Recently I posted this question : Ambigous operator overload on clang which got closed for being essentially the same as Is clang wrongfully reporting ambiguity when mixing member and non-member binary operators?
After reading answers to that other question, I think I am still confused about what more specialized means. So based on what I read there, the member operator from my code should resolve to this :
template <class U>
TVector3<T>& TVector3<float>::operator*=(const U ) { return *this; }
during name lookup and for the purpose of overload resolution I would get these two candidates:
template <class U>
TVector3<T>& operator*=(TVector3<float>&, const U ) { return *this; }
template <typename T>
TVector3<T>& operator*=(TVector3<T>& v, const TMatrix3<T>& ) { return v; }
Why are they both equally well specialized ?

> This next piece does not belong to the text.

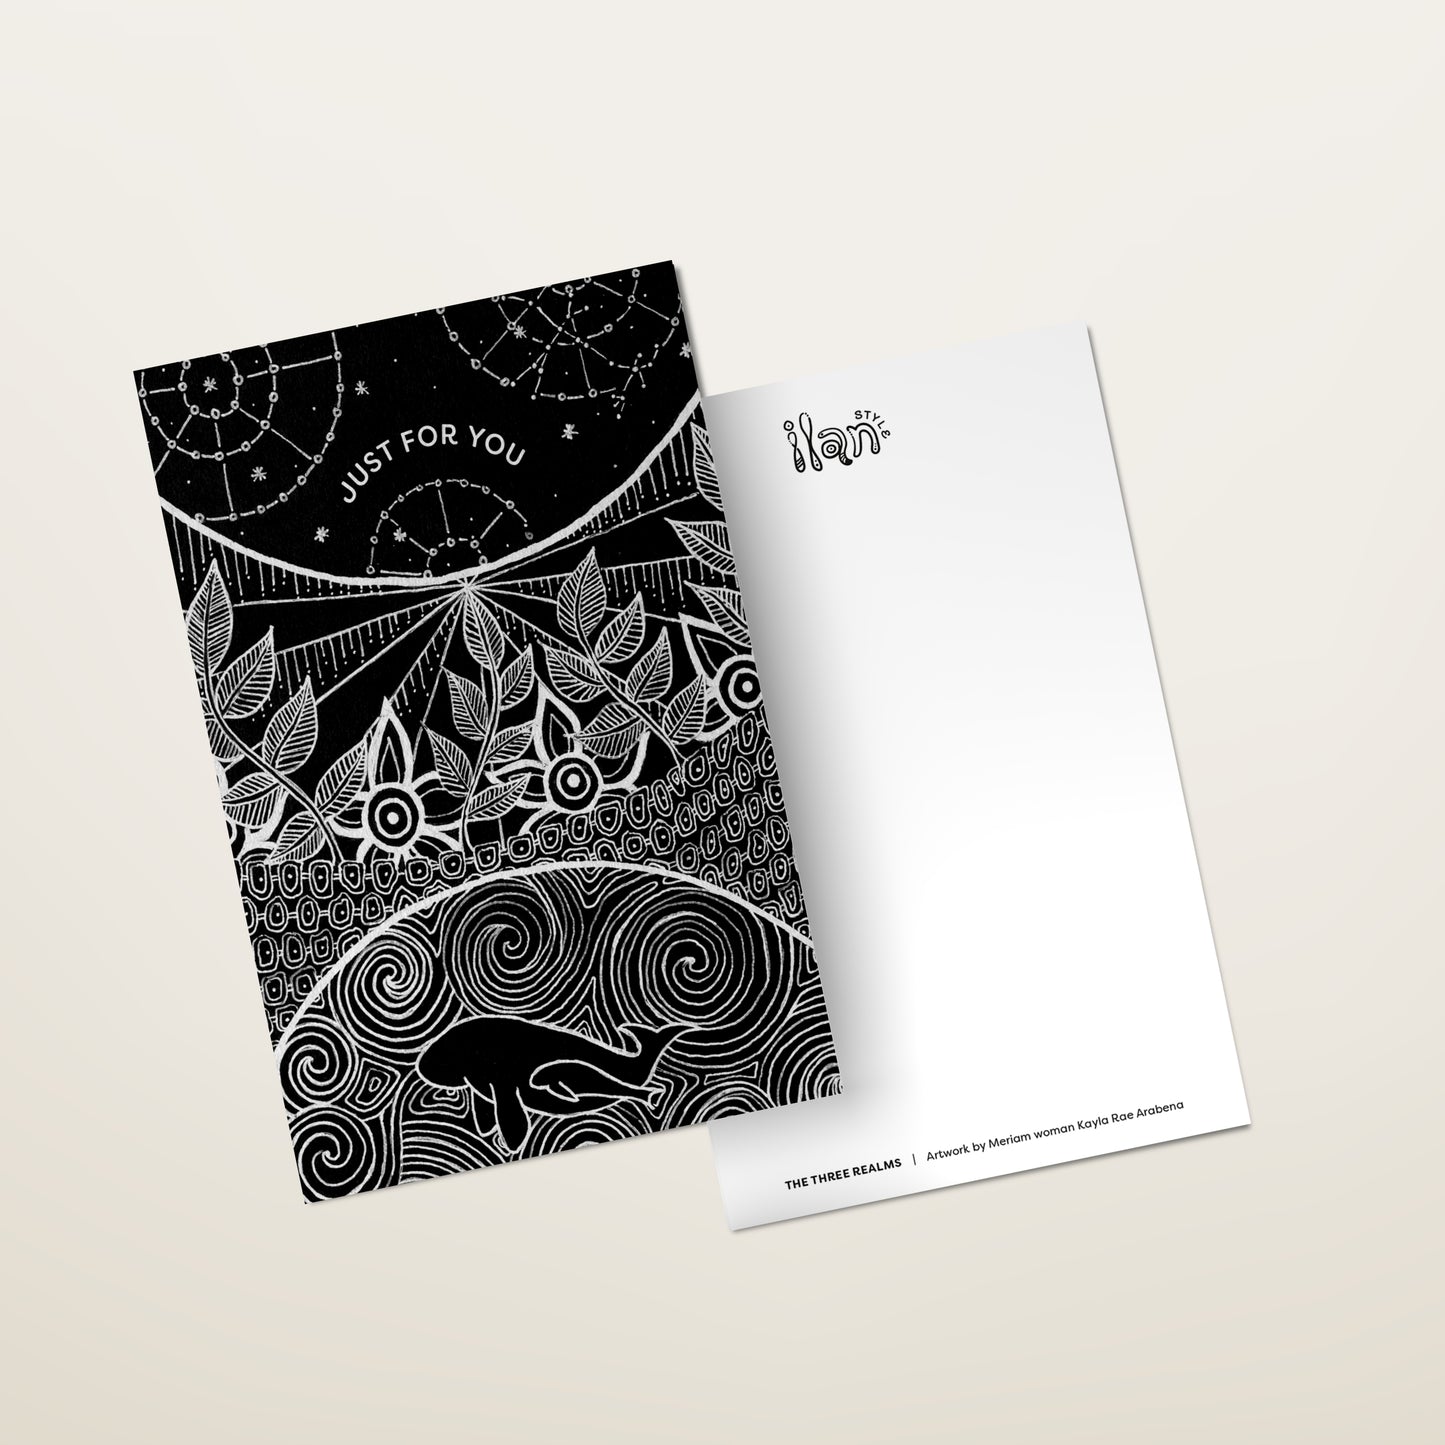 Ilan Style Art Series Greeting Cards Bundle

Is it because in the first overload the first argument is more specialized, while in the second overload the second argument is more specialized ? So basically a tie between them ?
On the other hand, if I turned the member operator*= of the Vector class into a free function, the overload resolution set would be:
template <class T, class U>
TVector3<T>& operator*=(TVector3<T>& v, const U ) { return v; }
template <typename T>
TVector3<T>& operator*=(TVector3<T>& v, const TMatrix3<T>& ) { return v; }
in which case the first argument of both overloads is equally specialized, but the second argument of the second overload is more specialized and thus no ambiguity in this case.
Is my understanding correct ?